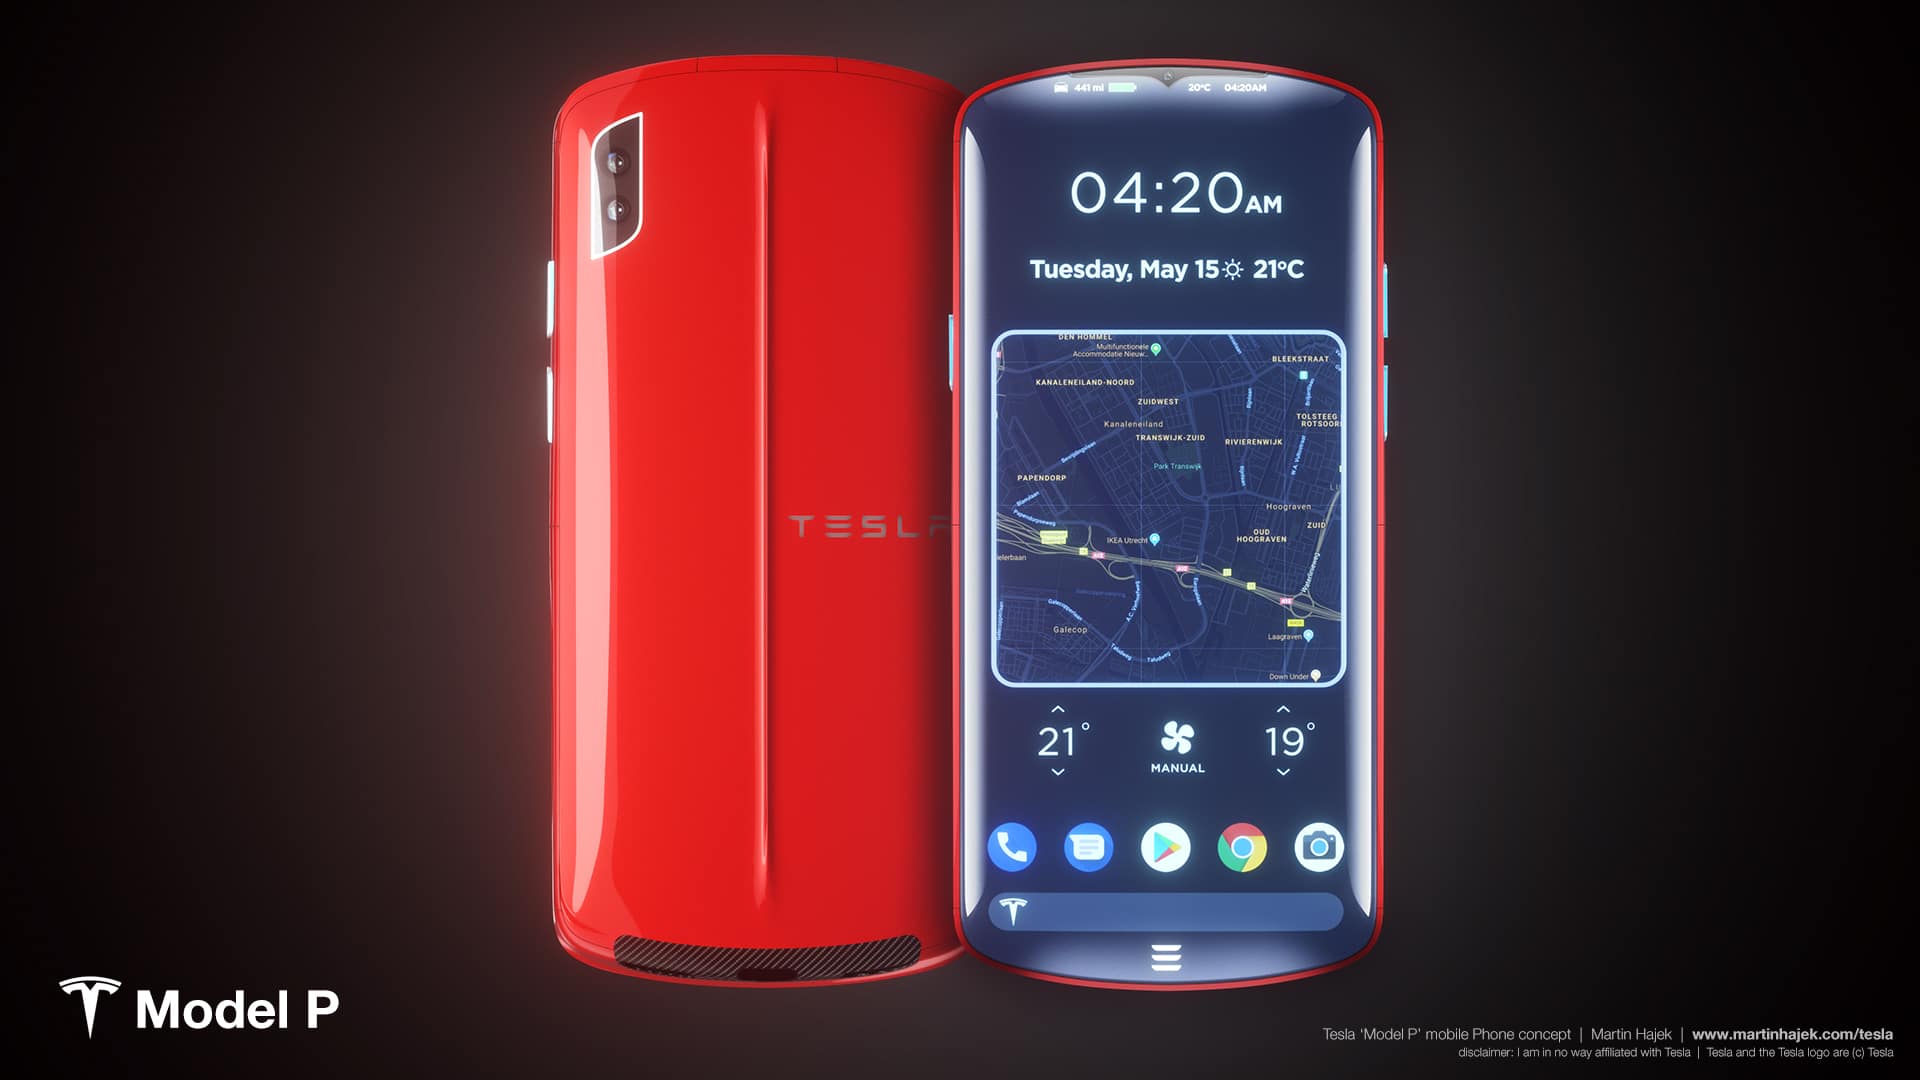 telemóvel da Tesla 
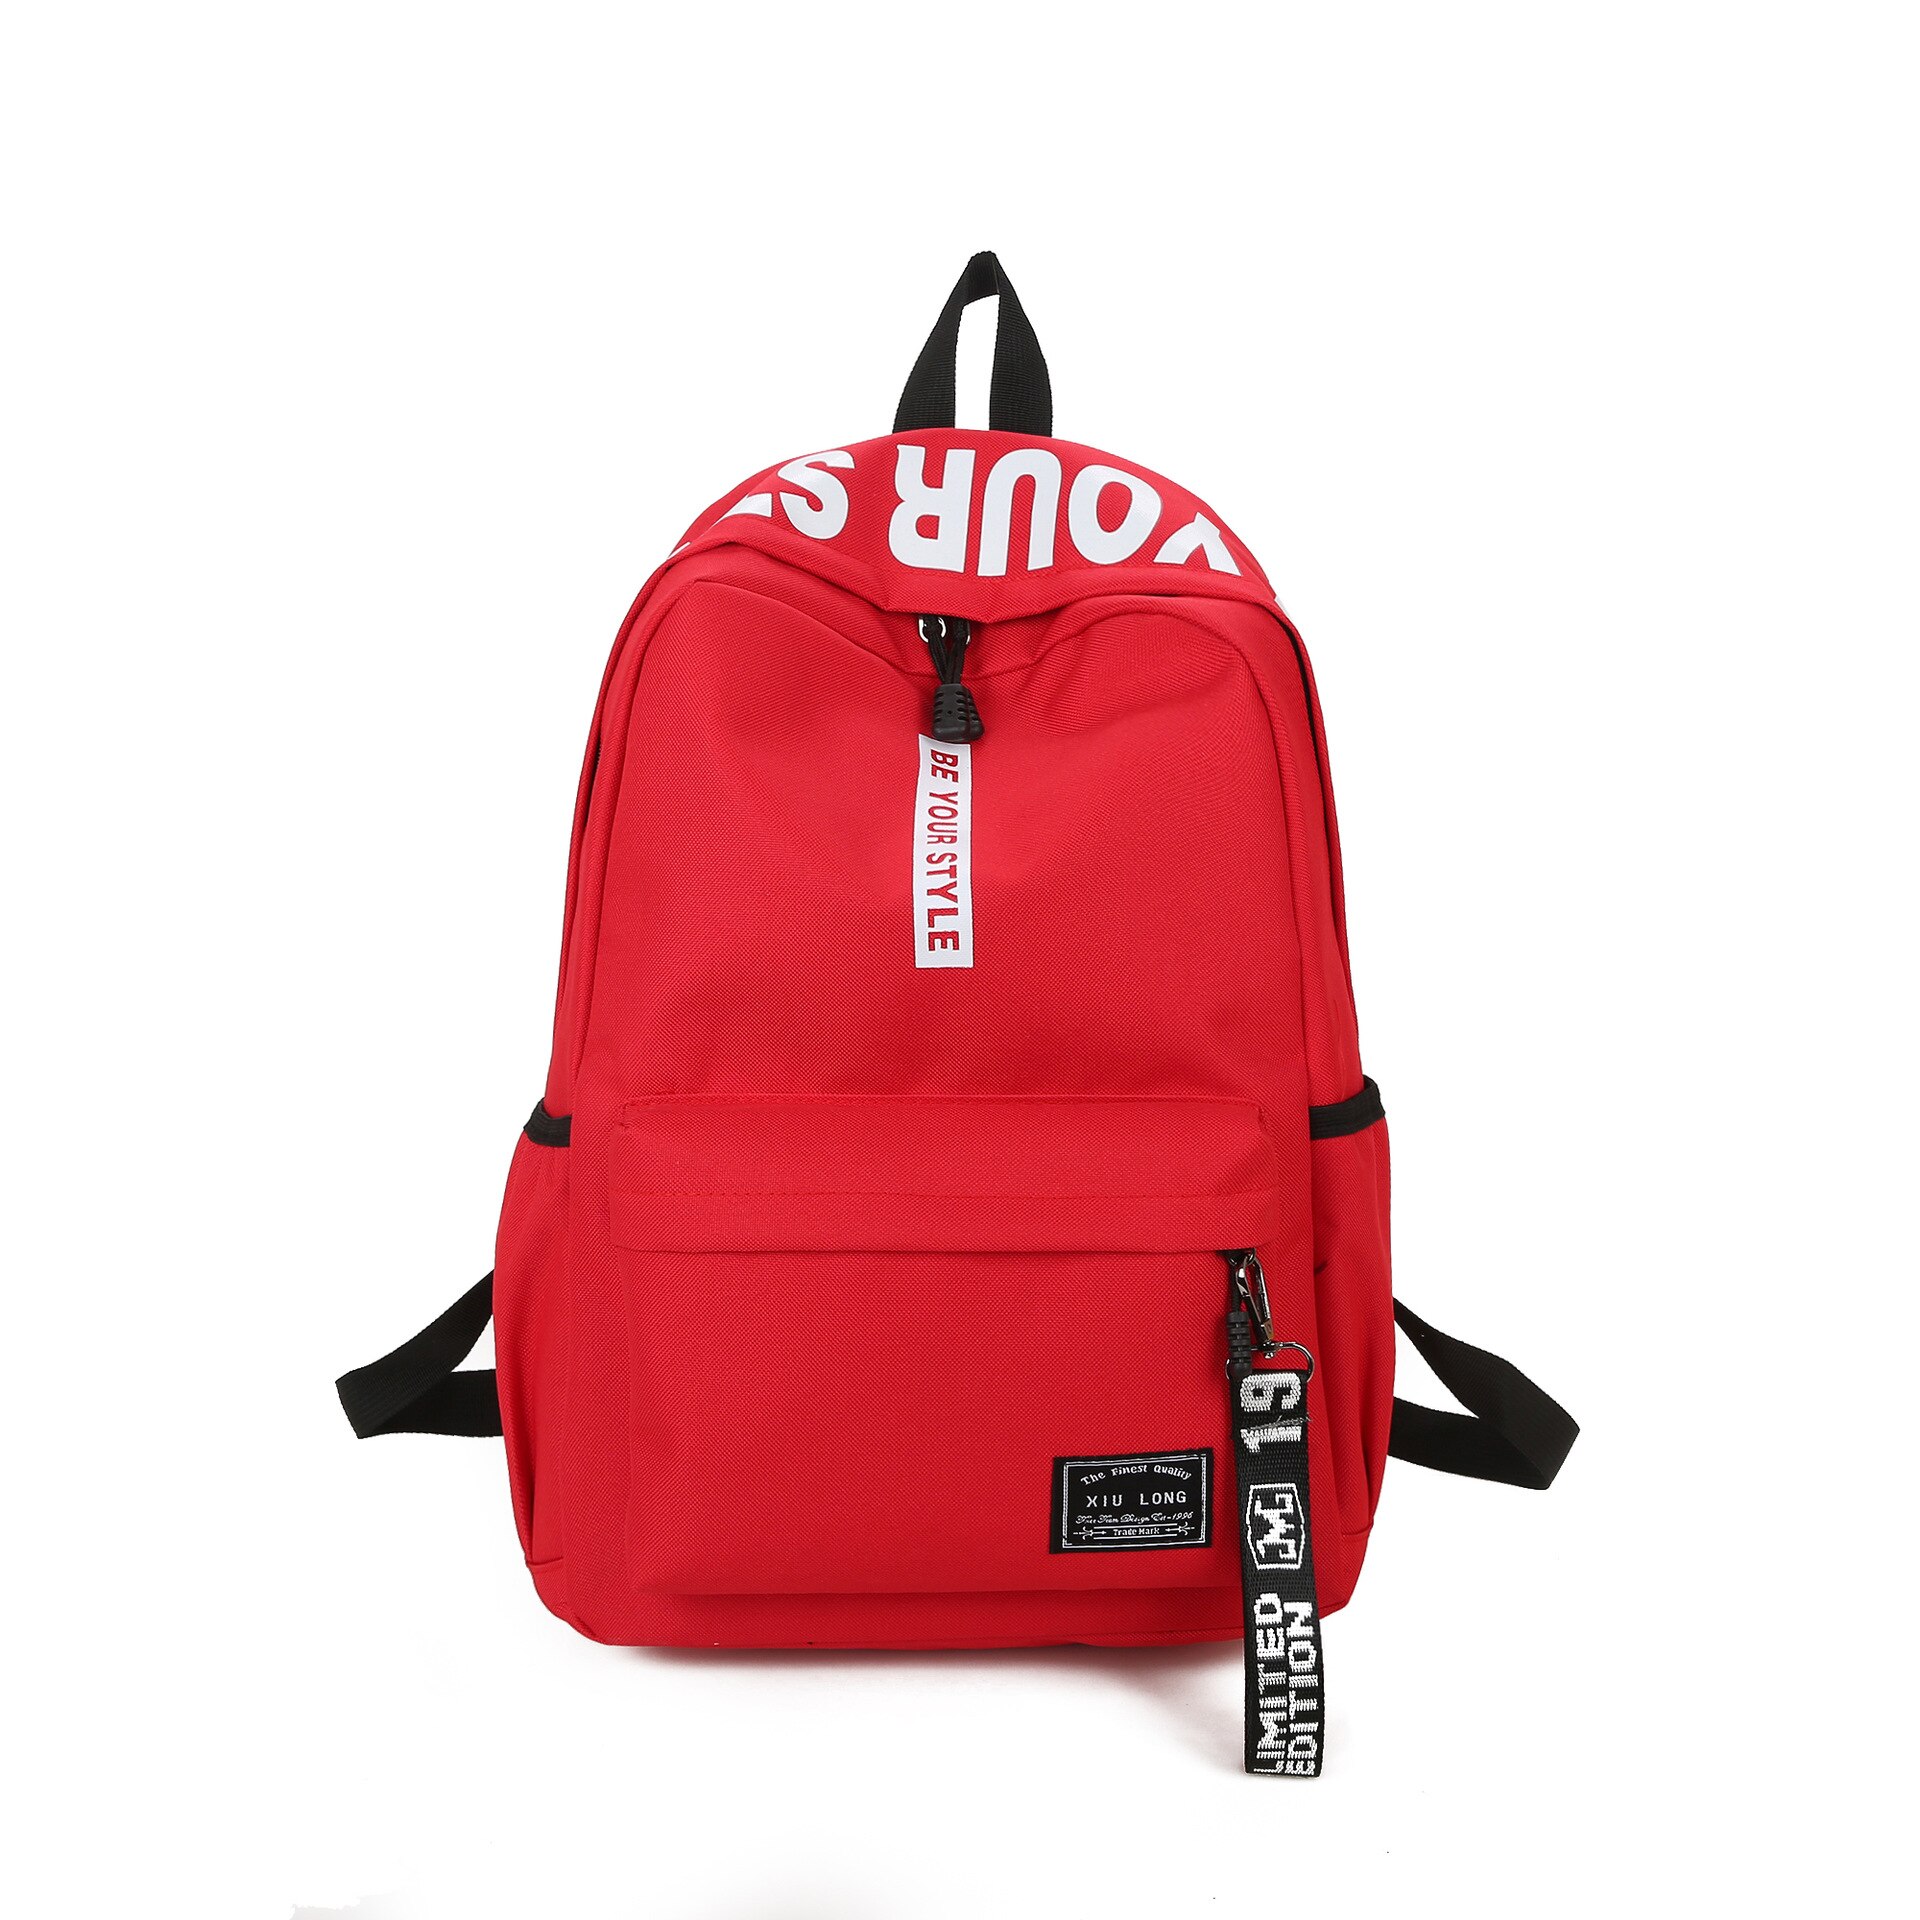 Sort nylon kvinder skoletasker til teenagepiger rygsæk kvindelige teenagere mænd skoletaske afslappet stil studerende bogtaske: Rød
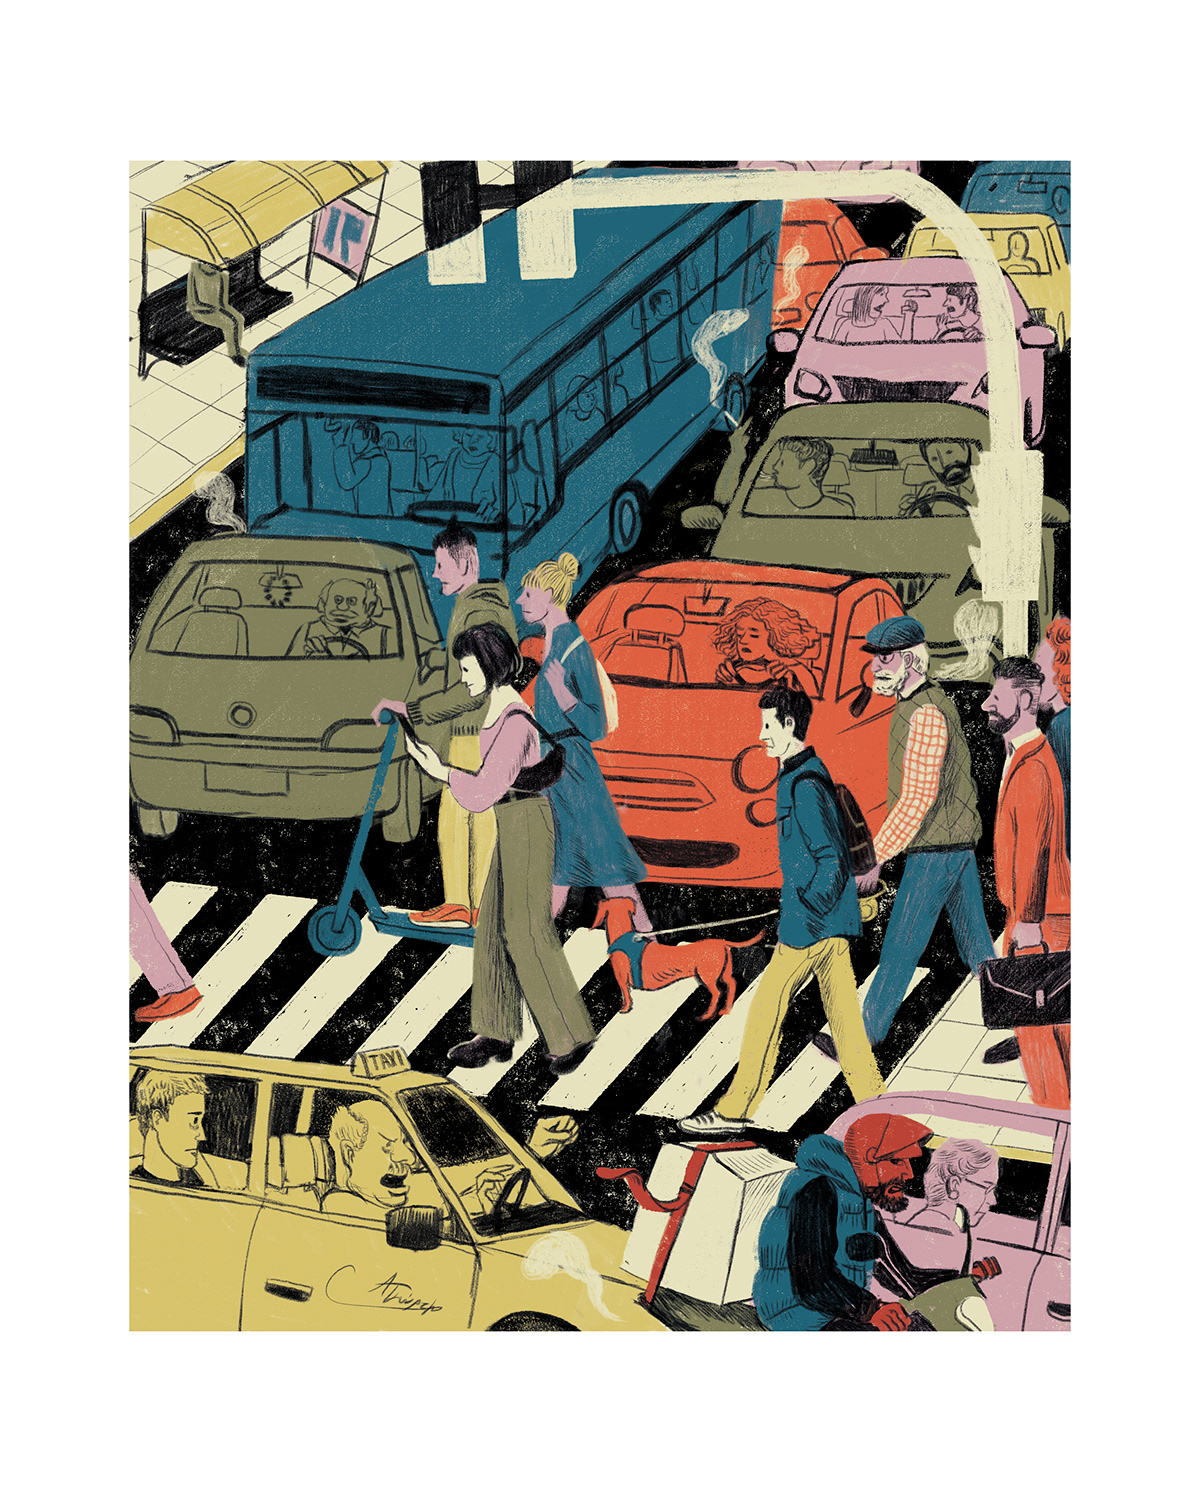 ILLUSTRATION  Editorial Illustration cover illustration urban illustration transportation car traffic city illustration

WHAT THE TASK ASKS: Faithful copy, images left out: write out every line of data.

ANSWER SECTION:
 telemóvel da Tesla 
 Sort nylon kvinder skoletasker til teenagepiger rygsæk kvindelige teenagere mænd skoletaske afslappet stil studerende bogtaske: Rød
 ILLUSTRATION  Editorial Illustration cover illustration urban illustration transportation car traffic city illustration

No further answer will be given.